A MOOP object is a data structure that contains
essential information for a multi-objective
optimization problem. The problem is solved using a
multi-objective optimization technique.
Objective Functions. With ParMOO, define one or
more functions to represent the performance
measures to optimize. These functions measure
optimization aims. Traffic signal optimization
objectives may include decreasing delays,
maximizing throughput, reducing emissions, or
minimizing user class conflicts.
Decision Variables.

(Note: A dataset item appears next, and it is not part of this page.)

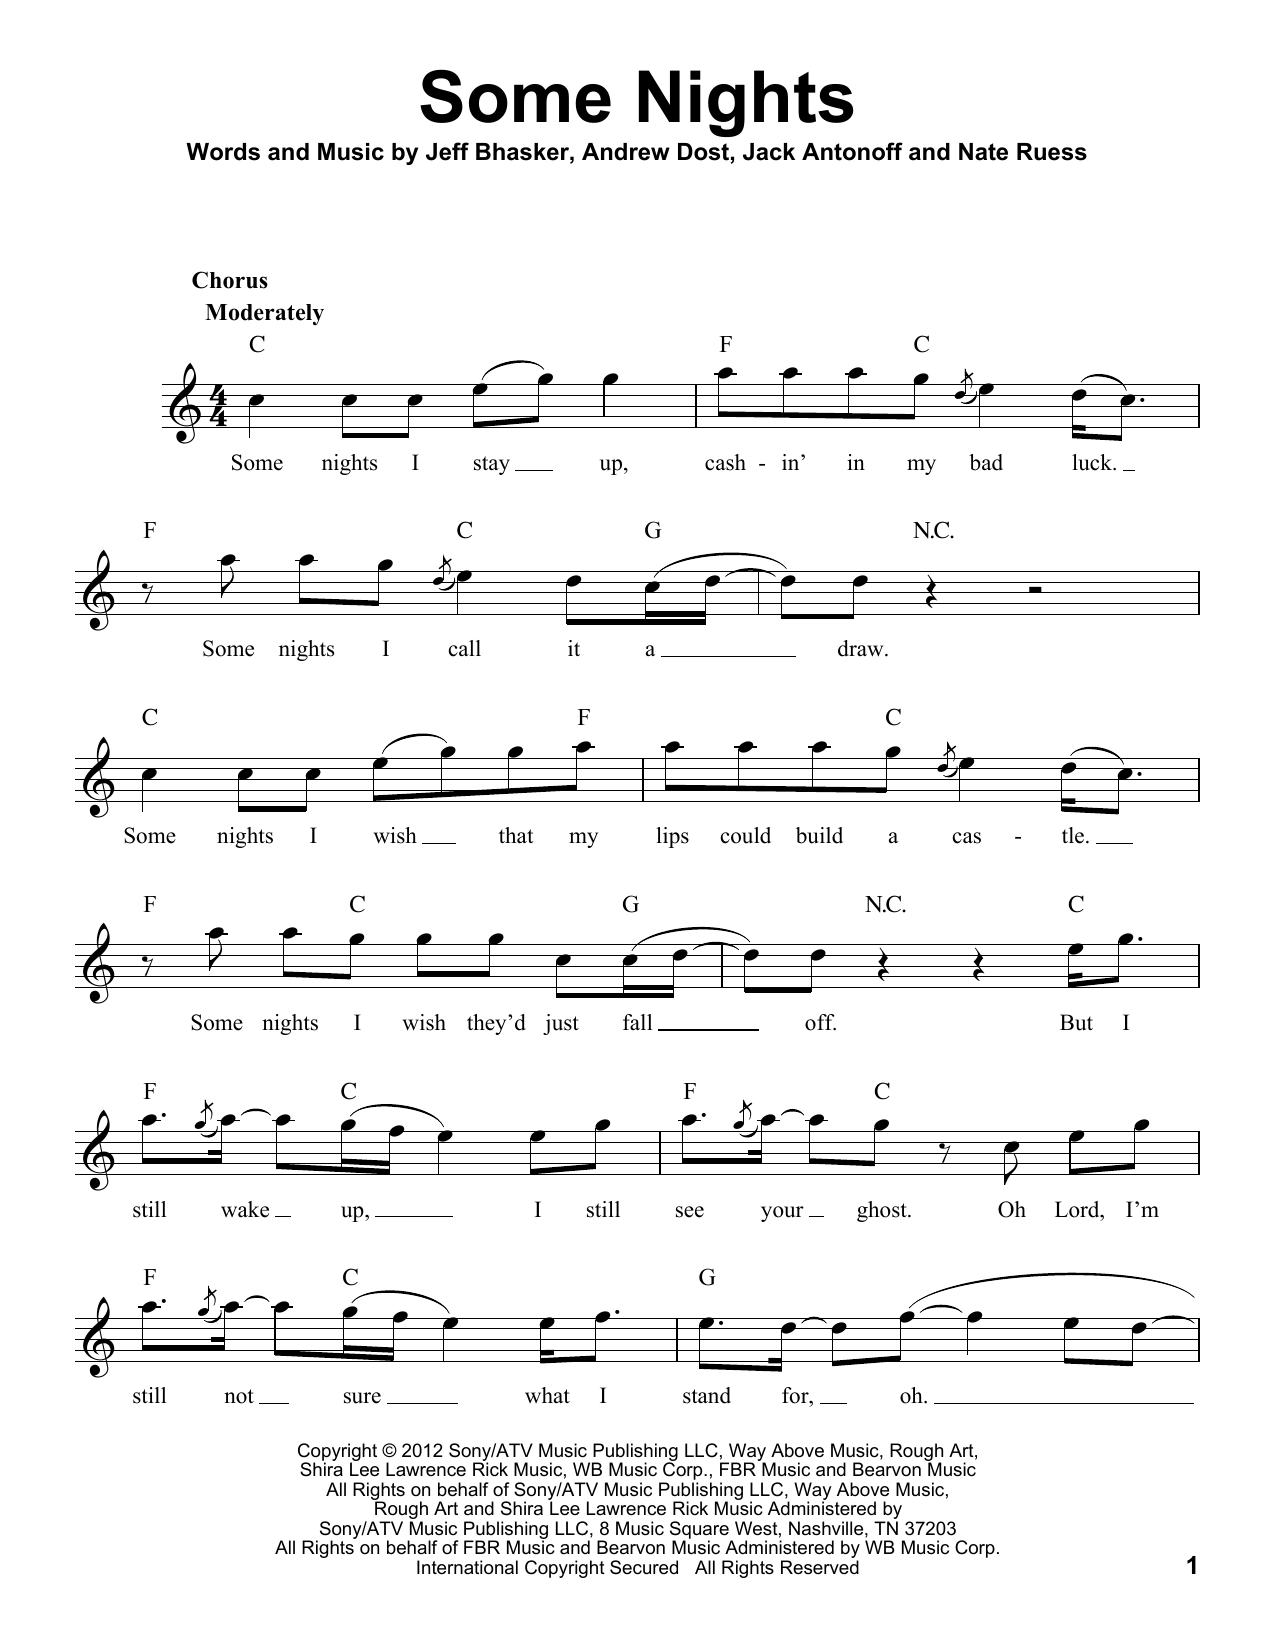 Some Nights Sheet Music

Adjustable parameters or
variables that can be optimized to meet desired
outcomes. ParMOO can optimize traffic signal
decision variables like maximum stage length.
Pareto Front. ParMOO uses the concept of the Pareto
front, which represents the set of non-dominated
solutions in the multi-objective optimization
problem. The Pareto front consists of solutions that
cannot be improved in one objective without
worsening another objective.
Surrogate Functions. Incorporating a simulation
dictionary links each simulation in the MOOP object
to a surrogate model. This relationship uses solution
data to approximate the simulation's response surface.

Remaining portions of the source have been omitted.